+++ Given information +++

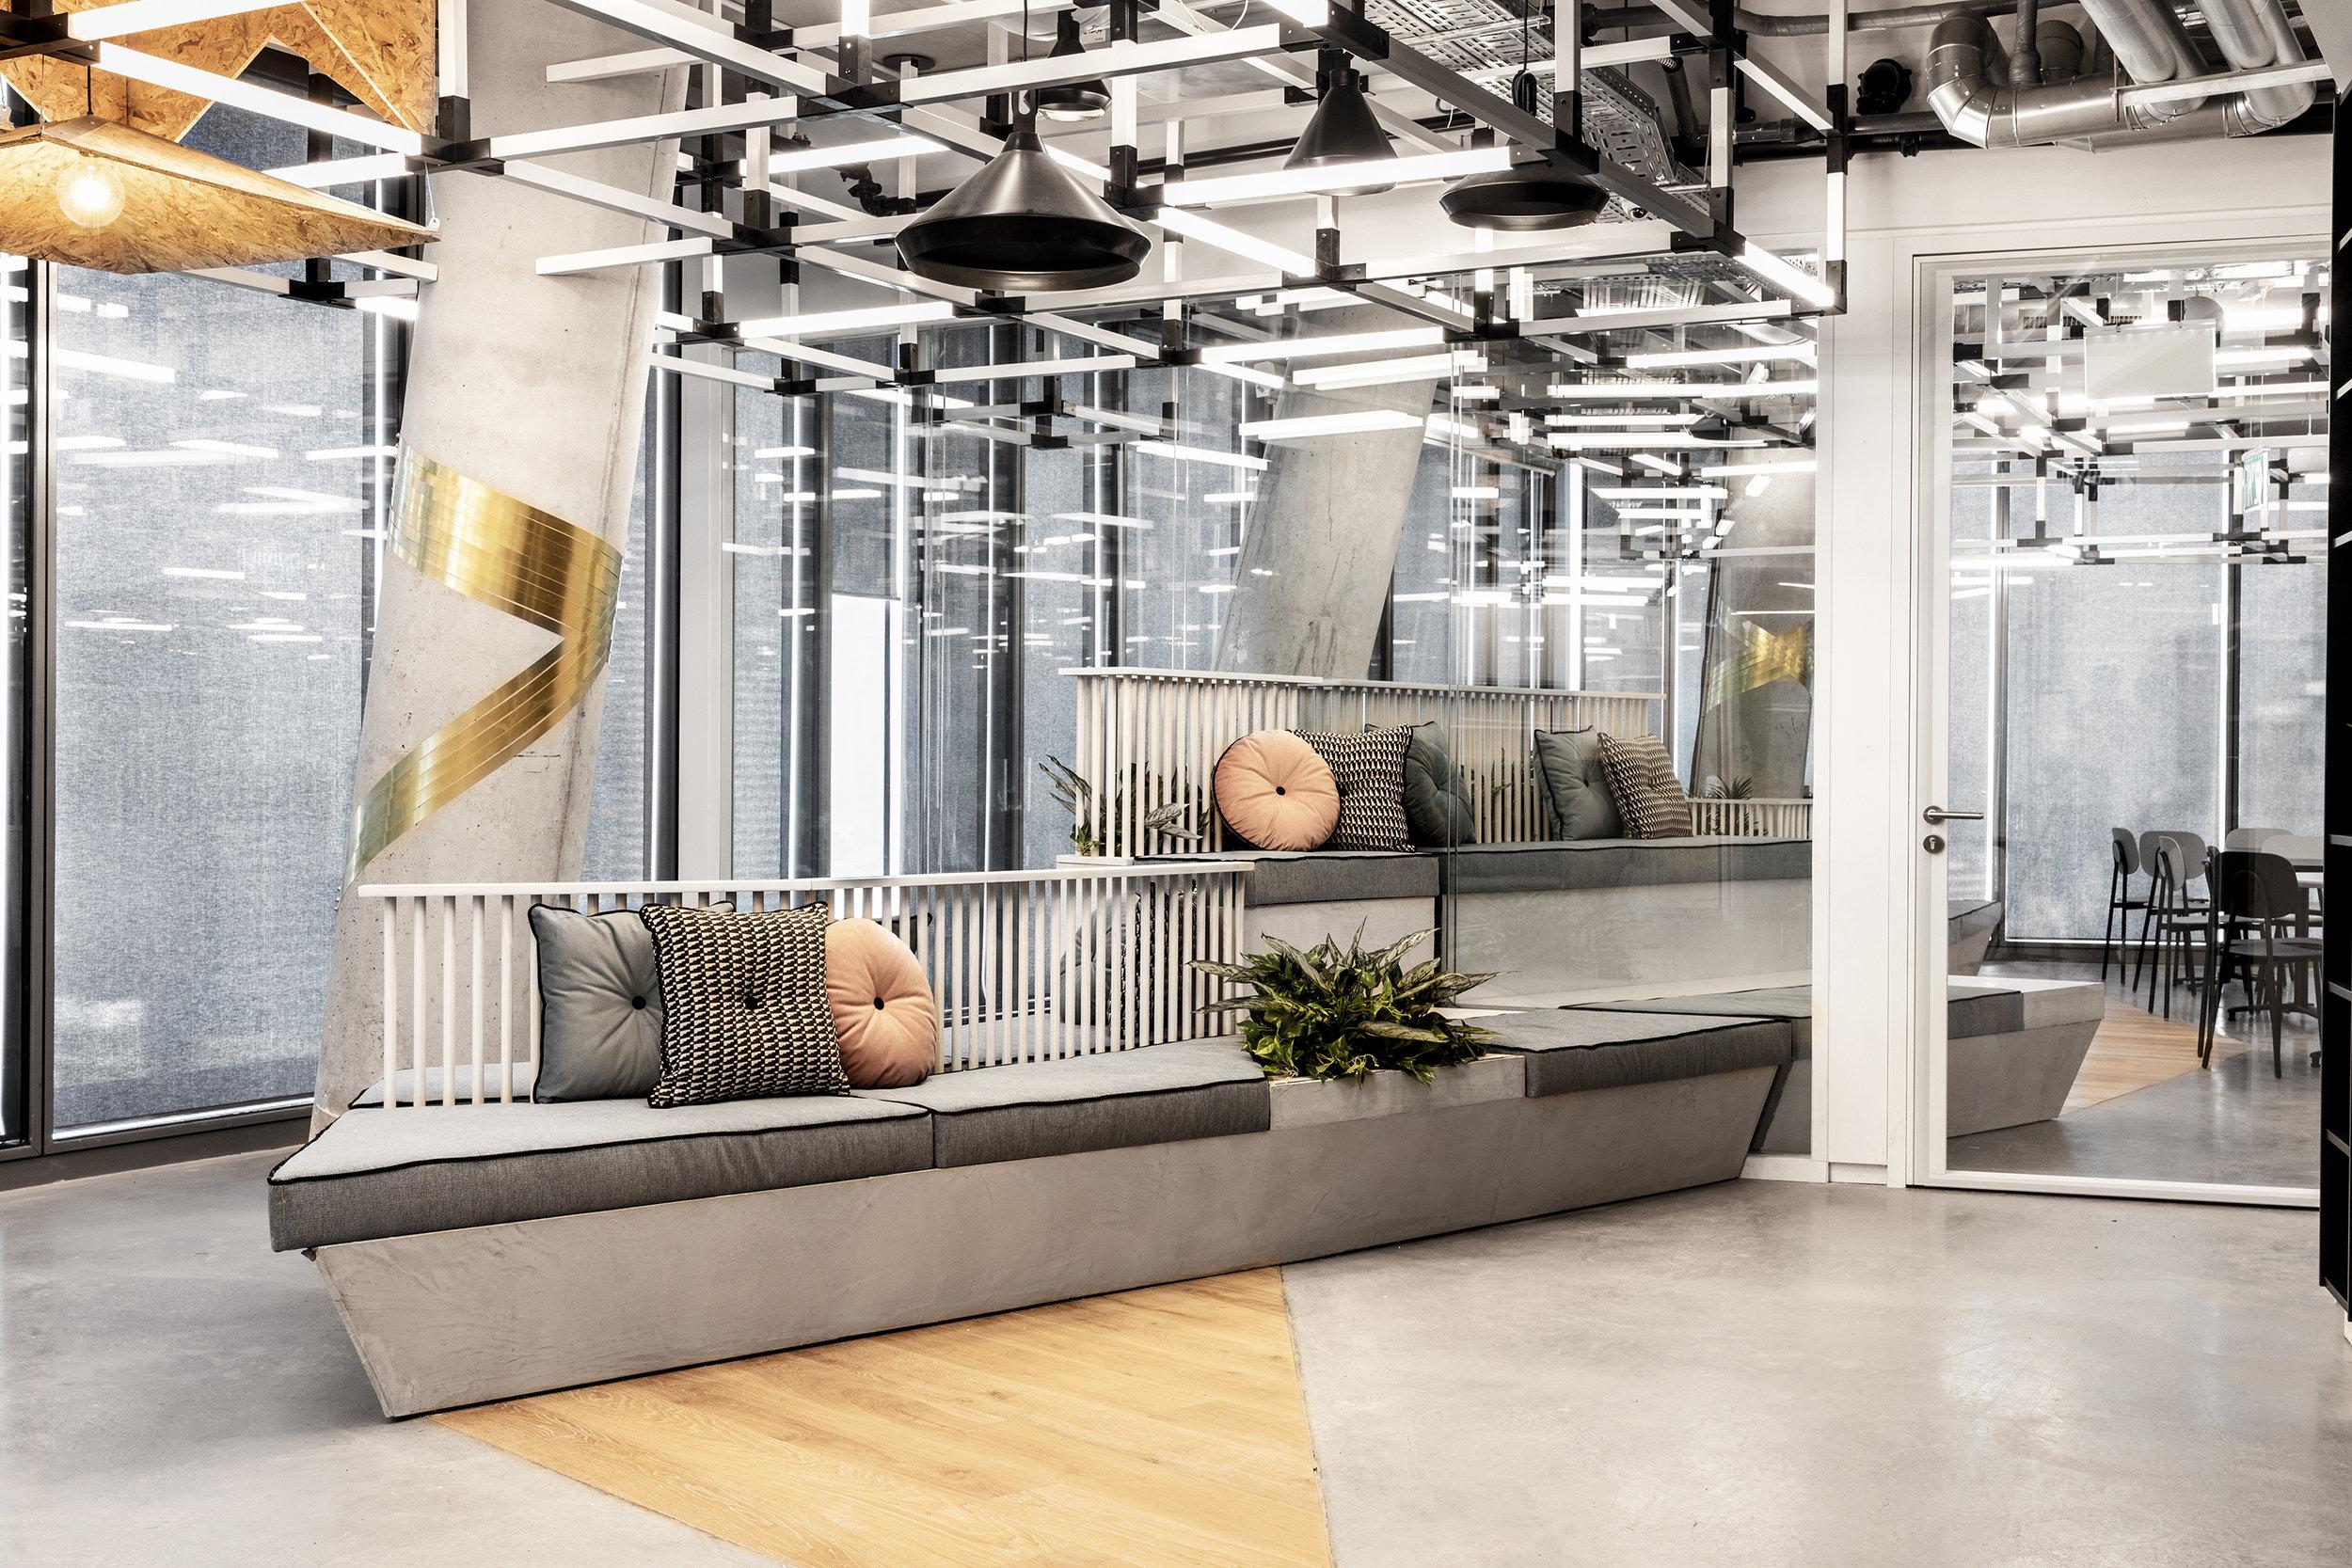 רואי דוד אדריכלות - אדריכל - נטורל אינטליג'נס - ROY DAVID - ARCHITECTURE - ARCHITECT - NI (28).jpg
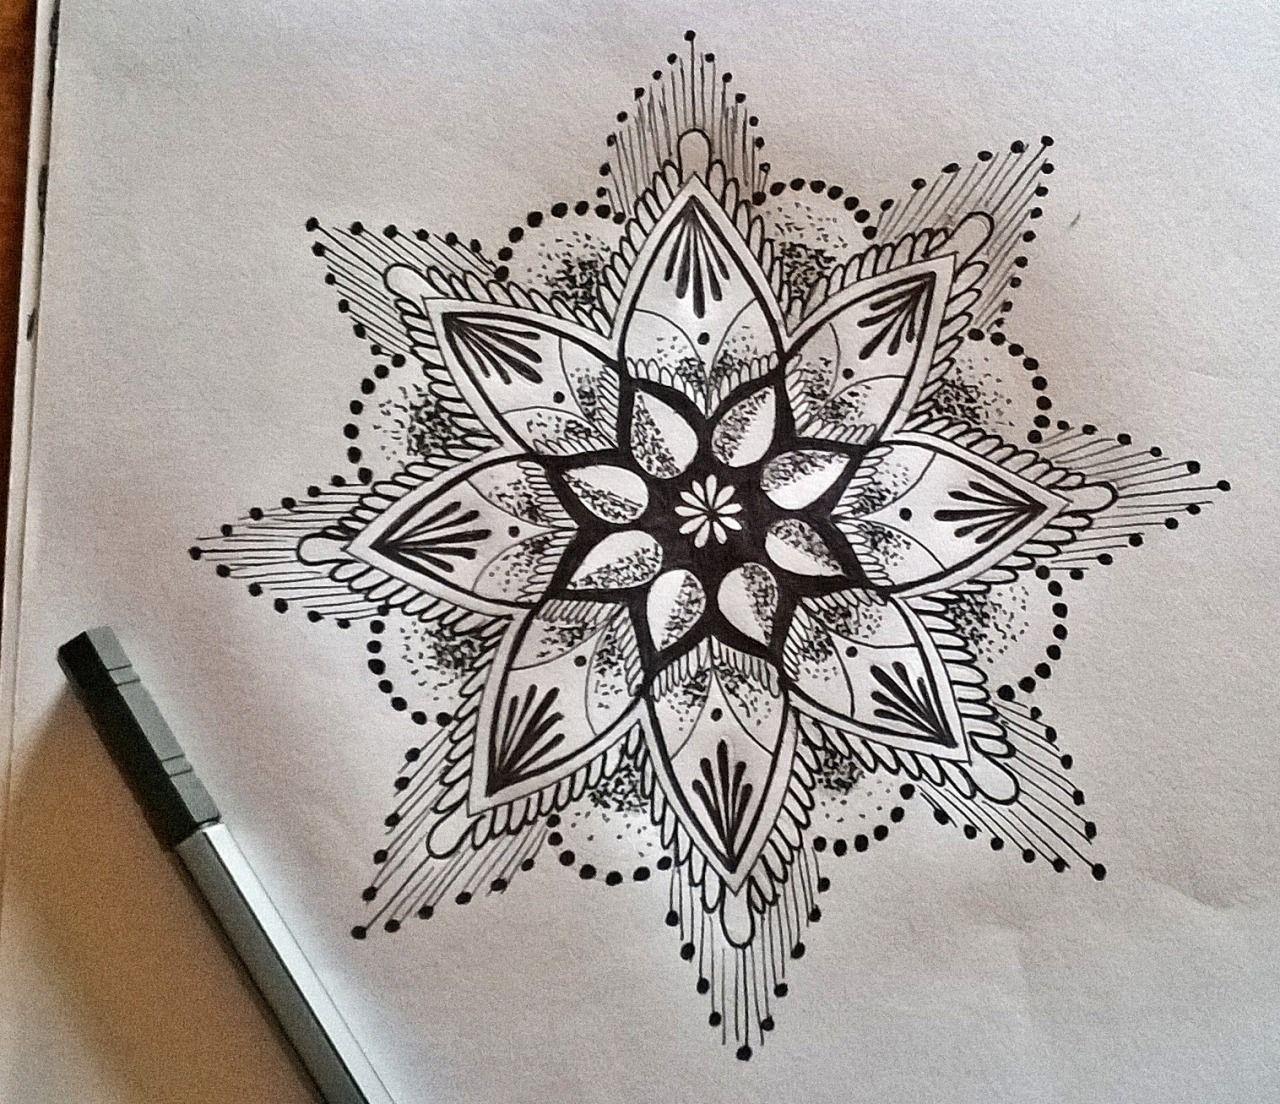 Nice Http://mandala Designs.tumblr.com/post/88471363847
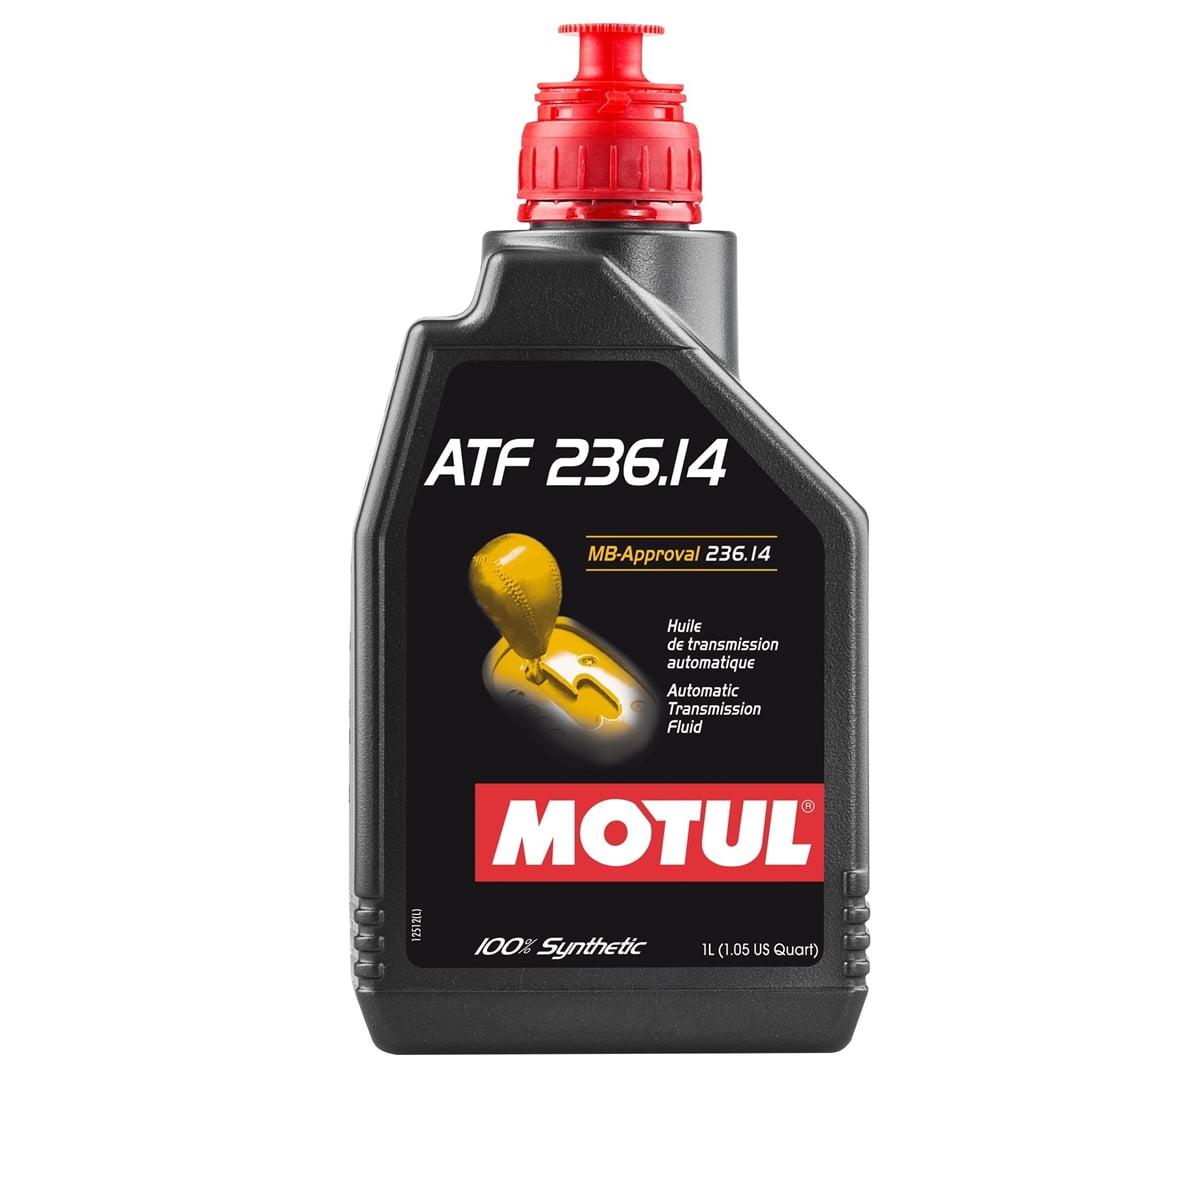 Oleo De Cambio Automático Motul ATF 236.14 100% Sinético 1LT
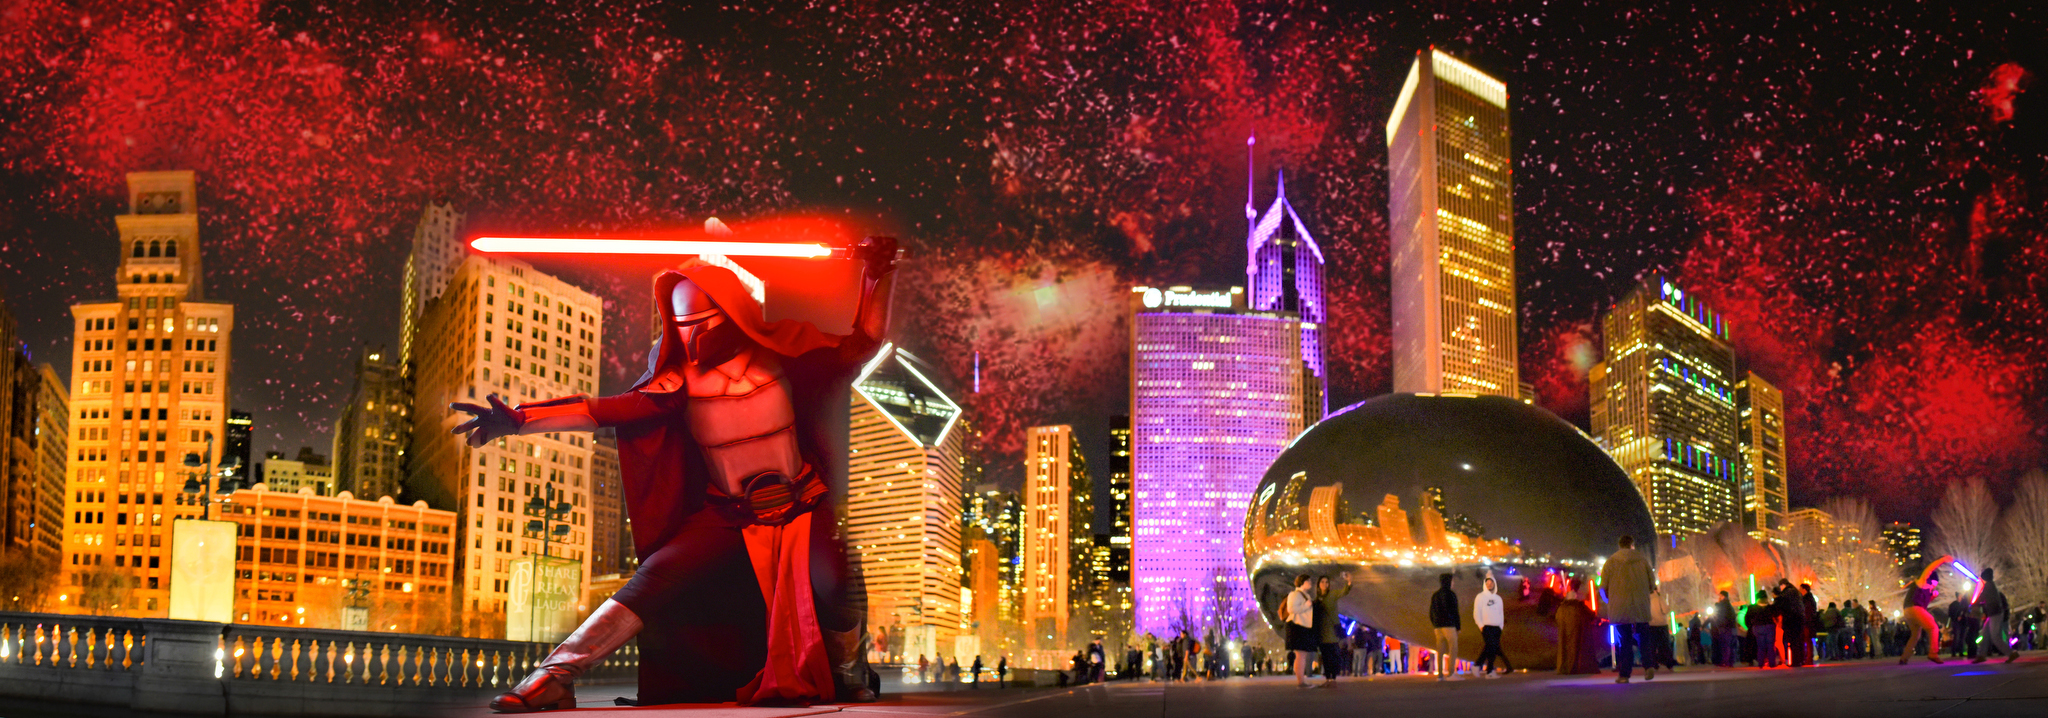 2019.04.14 - Star Wars Celebration Chicago 288835.JPG
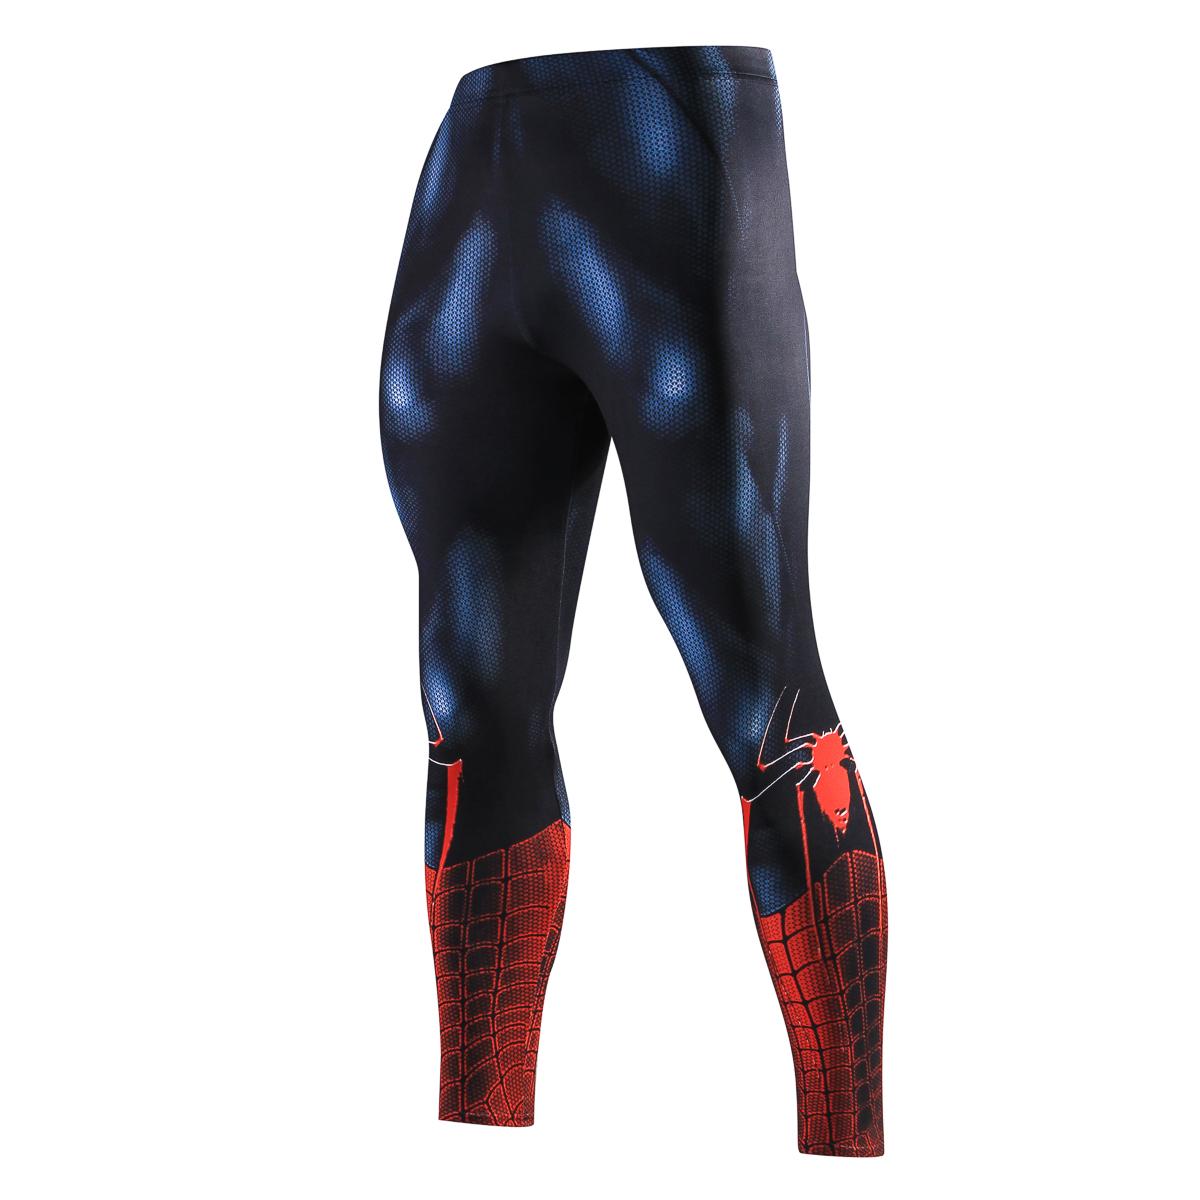 c2bef600e Men Skinny Compression Pants Superman Spiderman Iron Man Batman Leggings  Sweatpants 3D Fitness Bodybuilding Elastic Trousers

+++

**The task**:
Restate the entries verbatim, without pictures.

**Reply to the task**:
 רואי דוד אדריכלות - אדריכל - נטורל אינטליג'נס - ROY DAVID - ARCHITECTURE - ARCHITECT - NI (28).jpg
 Nice Http://mandala Designs.tumblr.com/post/88471363847
 Oleo De Cambio Automático Motul ATF 236.14 100% Sinético 1LT
 2019.04.14 - Star Wars Celebration Chicago 288835.JPG
 c2bef600e Men Skinny Compression Pants Superman Spiderman Iron Man Batman Leggings  Sweatpants 3D Fitness Bodybuilding Elastic Trousers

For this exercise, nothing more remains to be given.